You're talking about two completely separate
systems. Flight data recorders have nothing to do with the ACARS
messages - that's been the point all along. The recorders don't see
these messages, don't/can't record these kinds of messages, don't
"timestamp" data and don't hold them in memory. That's not how flight data recording works.


I don't know where acars comes into this, because I understood from your
post that the context was flight data recording ?.

From your original post 3640:

The key point is, parameters can't be recorded all at once. If there are
1800 parameters (in binary form) coming into the system, the system must have a way of "listening, parsing and recording". The data frame software is how that process is handled.

And then:

Without getting more complicated, (because it has to if we go any
further and everyone will be asleep), the nature of recording can give
the appearance of a 'lag', when there "may, or may not" have been one.

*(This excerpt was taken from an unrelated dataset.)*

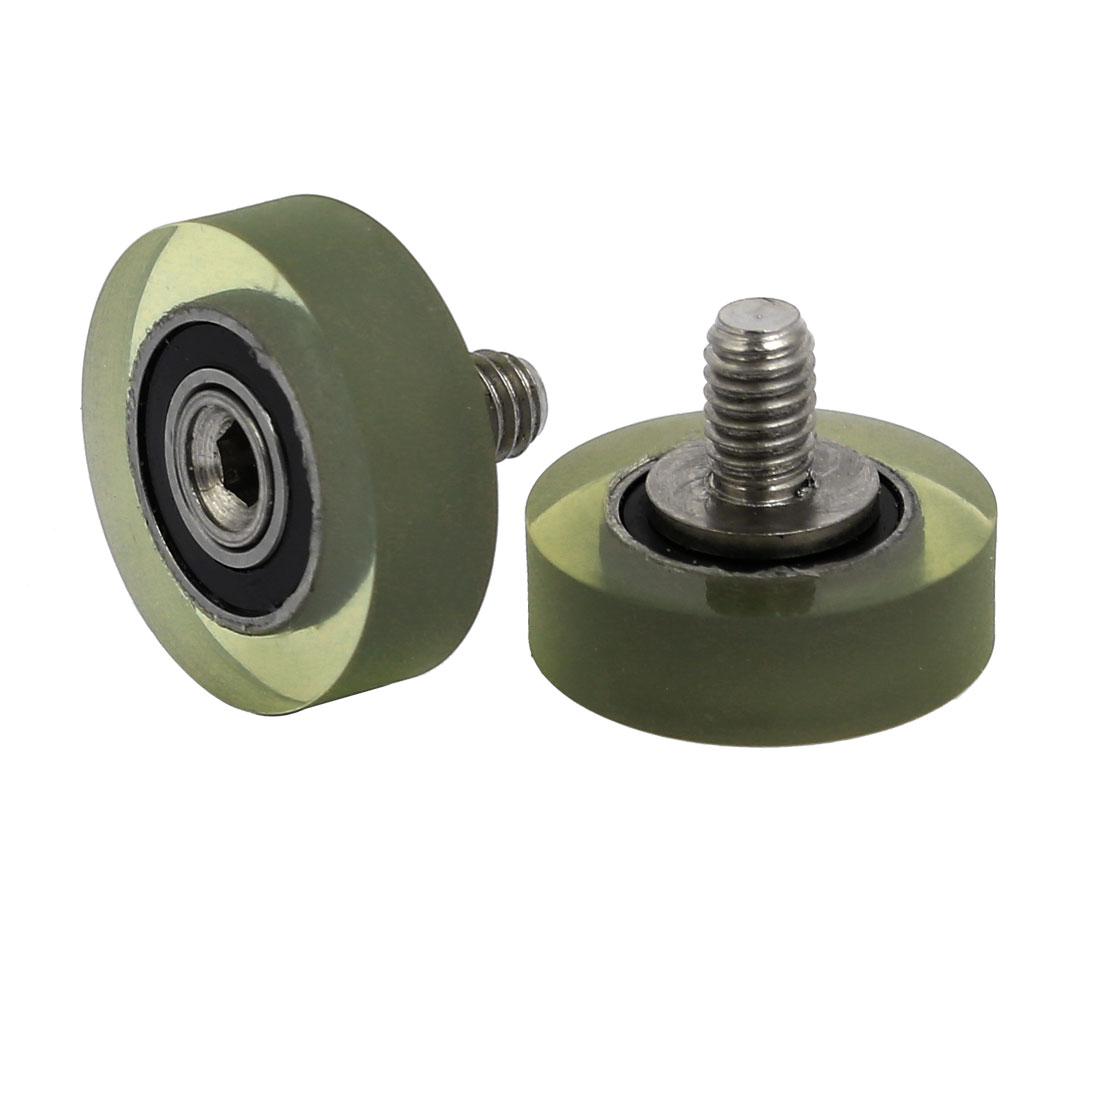 2pcs M4 x 6mm Thread F Type Idler Bearing Pulley 5mm x 16mm x 5mm

Which is what I was disagreeing about. A few general data logging and
comms system basics may help here, but apologies if preaching to the
choir :-).

To start, there may be many sources of data/parameters to log, in different
formats (ie: "language") and at different sample rates, (ie: how often a
parameter is examined). The data format, sample rate and accuracy of
measurement depend, of course, on the requirements of each parameter to
be measured.

Sampled data is typically sent across high speed data buses (ie: highways),
at microsecond rates, encapsulated in frames, or "packets". A fair data bus
analogy is a road full of houses, each with a unique address, containing
people with different names. A fair analogy for a frame is a posted letter,
which will have a destination address, the sender's address, perhaps time
and date, with the measured "data" on the page inside the envelope. For
frame based data comms, all the above information would normally be
included in one form or another, as well as checksum data to allow
detection of errors in transmission. (ie: a torn envelope) Where letters can
take an indefinate amount of time to deliver, avionics buses are designed to
provide guaranteed delivery within very strict time limits.

Between the data source and recorder there may be, depending on the
application, a "data aquisition unit". The function of this is to provide a
central "clearing house" for the various sources and to measure and / or
translate to a common format, or language, to send to the recorder. It may
also timestamp the incoming data, and filter or manipulate it in other ways.
In some systems, acquisition and logging are combined into a single
physical unit, but the functionality remains the same. Such systems often
use queueing techniques to avoid date loss at peak rates, but the data
would be timestamped *before* insertion into any queue. This avoids time
displacement errors where the actual data is stored some time later. By
“some time”, I mean milliseconds, not seconds or minutes.

The key thing i'm, trying to get across here is that accurate timestamping
is fundamental to any data logging application such as this. It is always
designed to have sufficient accuracy in terms of measured value and timing
to meet the needs of the application...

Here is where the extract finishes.